Perilaku Mudik Berbeda dengan Nataru
Djoko menjelaskan Nataru bersifat wisata dan cenderung opsional.
Sementara mudik Lebaran didorong tradisi, THR, dan kebutuhan pulang kampung.
“Pada Lebaran, orang tetap berangkat meski ekonomi sedang ketat,” katanya.
Ia menyebut fenomena mudik tetap jalan, dompet tetap perhitungan.
Angkutan Umum Daerah Masih Lemah
Djoko menilai lemahnya angkutan umum daerah mendorong munculnya travel gelap.
Kondisi ini membuat pemudik terpaksa membawa kendaraan pribadi.
“Travel gelap itu tanda negara belum hadir di transportasi lokal,” ujarnya.
Ia menegaskan pembenahan daerah tidak bisa terus menunggu.
Mudik Gratis Perlu Satu Platform
Program mudik gratis dinilai perlu integrasi nasional.
Pendaftaran ganda masih menyebabkan kursi kosong dan tidak tepat sasaran.
“Semua mudik gratis harus satu data dan satu sistem,” kata Djoko.
Ia mendorong platform tunggal di bawah Kementerian Perhubungan.
Mudik Sepeda Motor Harus Dikurangi
Djoko menilai mudik sepeda motor berisiko tinggi terhadap keselamatan.
Terutama bagi pemudik yang membawa anak-anak.
Logistik Jangan Terus Dikorbankan
Pembatasan truk dinilai berdampak besar terhadap ekonomi dan pengemudi.

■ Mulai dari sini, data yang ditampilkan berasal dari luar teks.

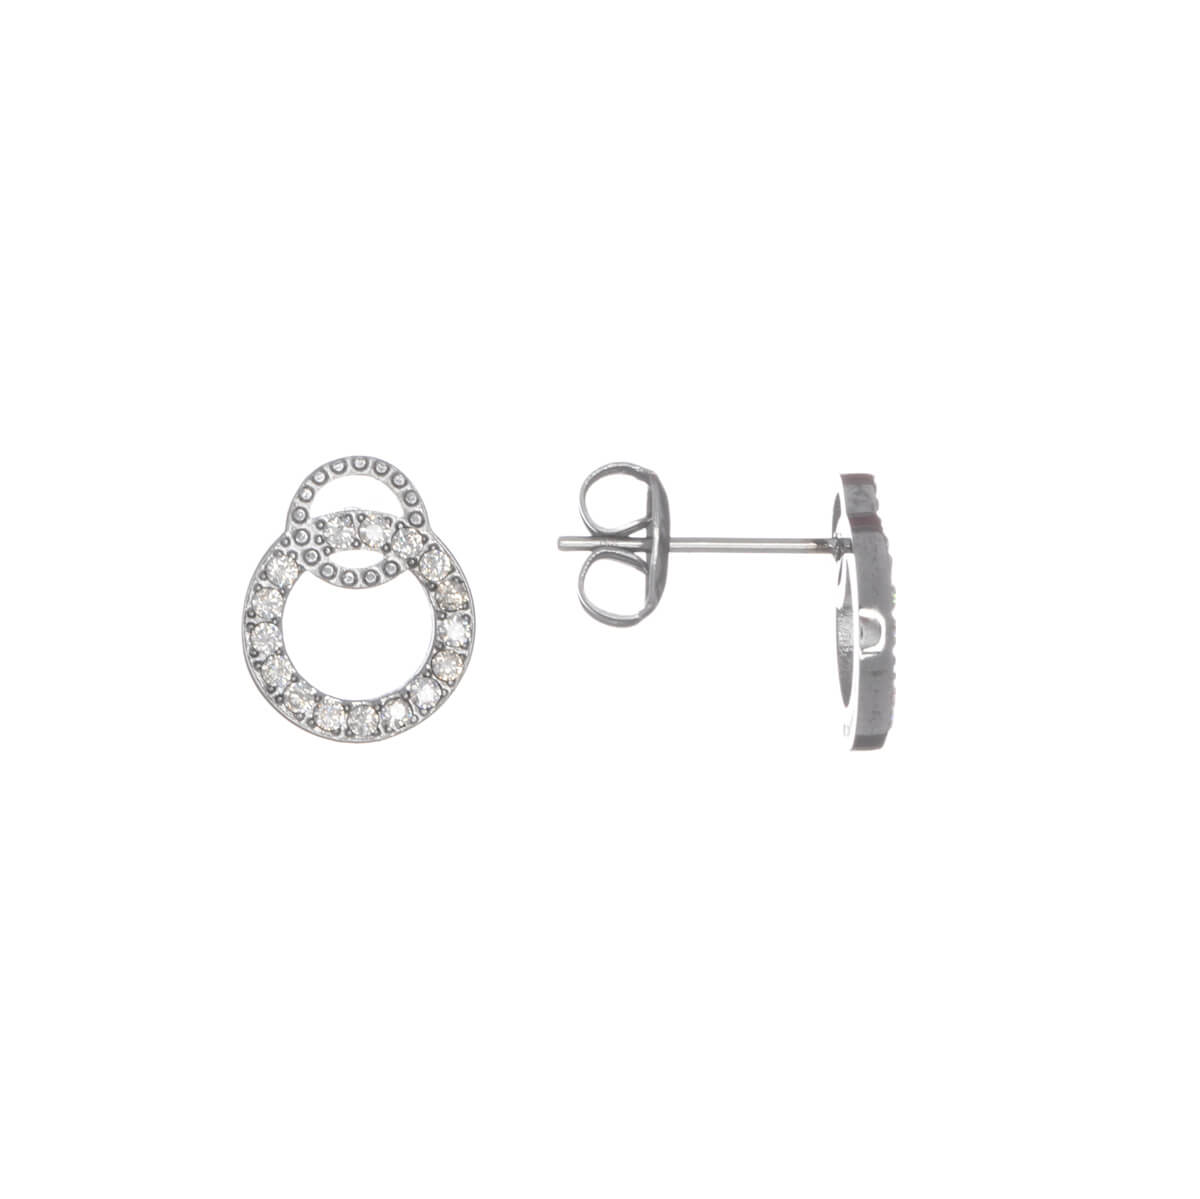 Artificial diamond ring earrings (steel 316L)
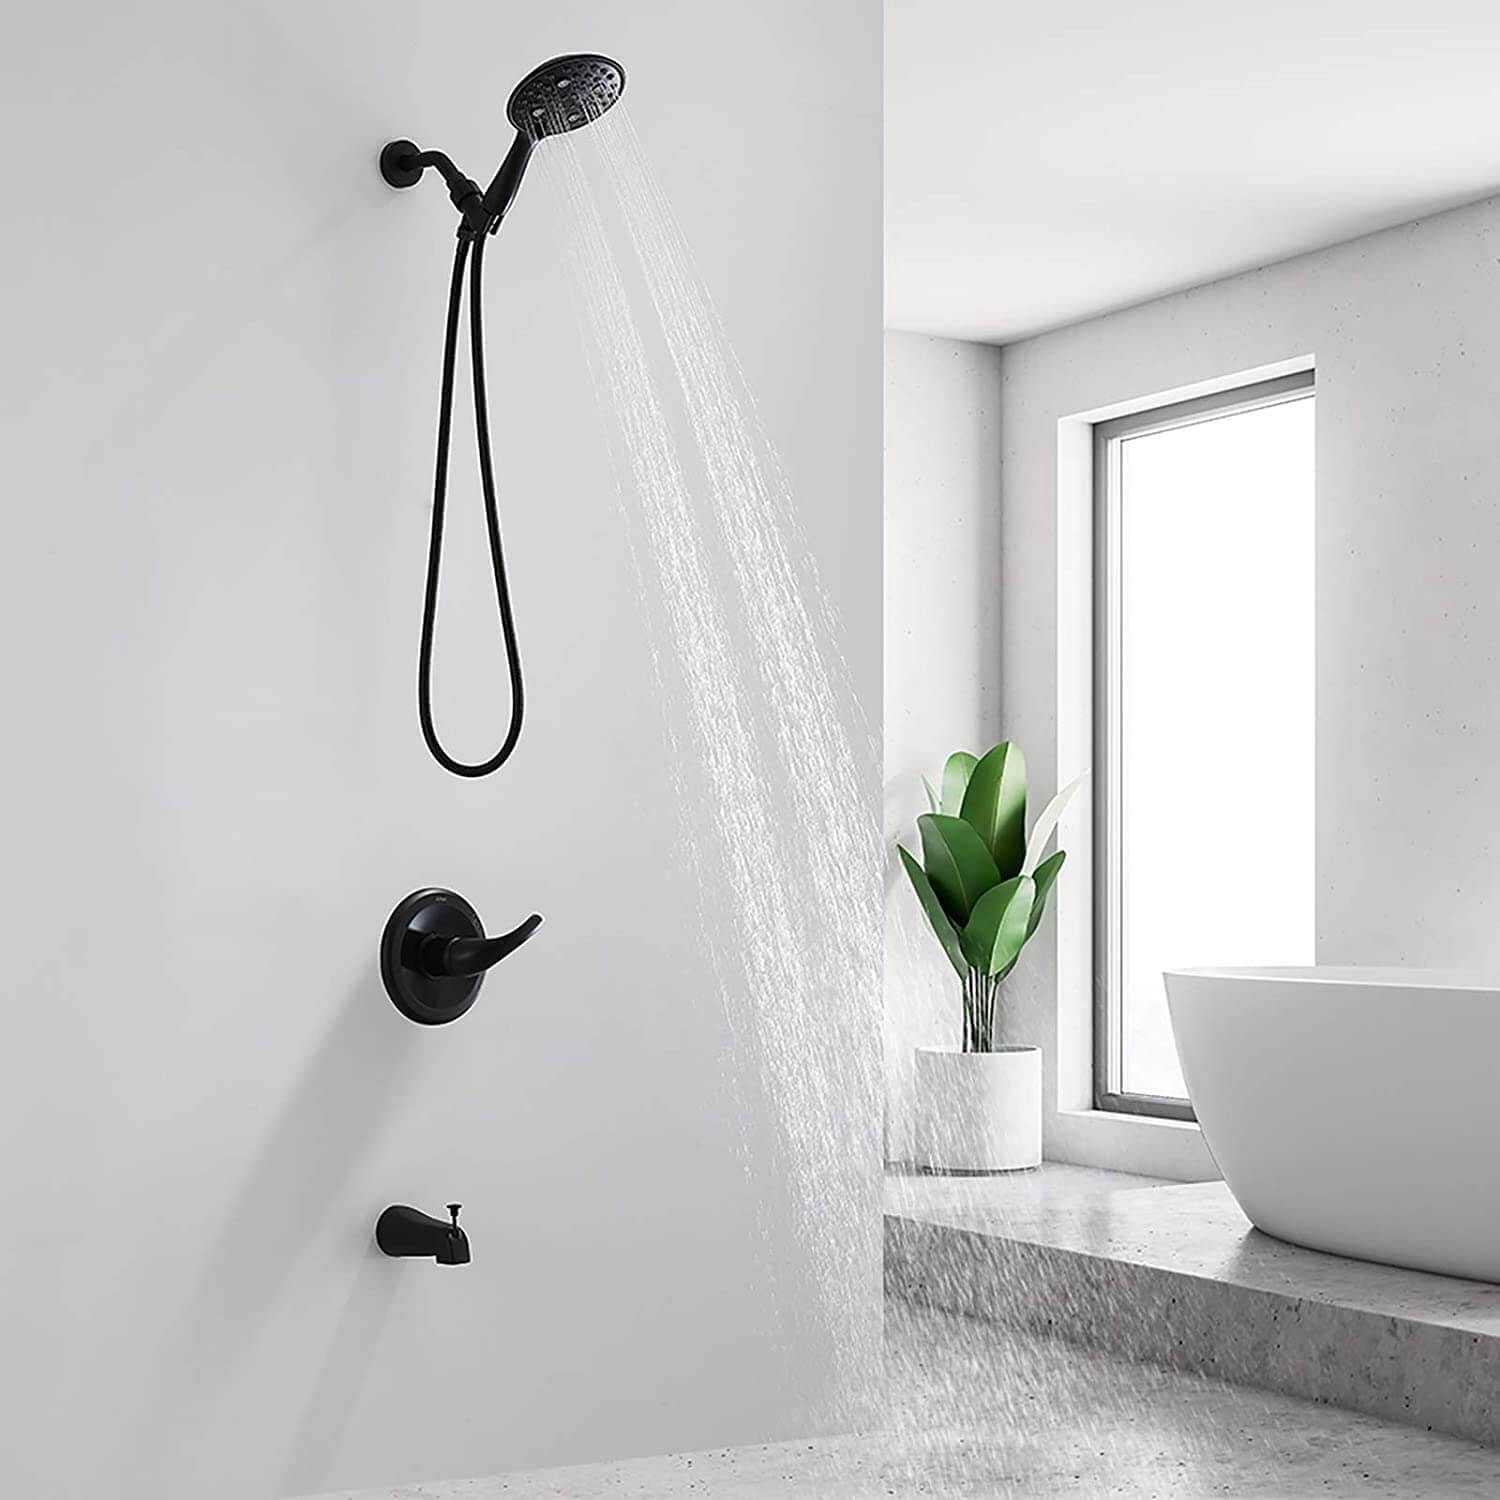 Matte Black Dual-Function Shower Faucet

Djoko menilai solusi bukan menghentikan logistik jalan raya.
“Logistik harus dialihkan ke rel dan laut, bukan dimatikan,” katanya.
Ia mendorong pemanfaatan jalur kereta dan moda laut secara optimal.
Ukuran Keberhasilan Harus Diubah
Djoko menegaskan keberhasilan mudik tidak cukup diukur dari kelancaran.
Negara harus melindungi nyawa tanpa mengorbankan ekonomi.
“Lancar itu penting, tapi keselamatan dan keadilan jauh lebih utama,” pungkasnya.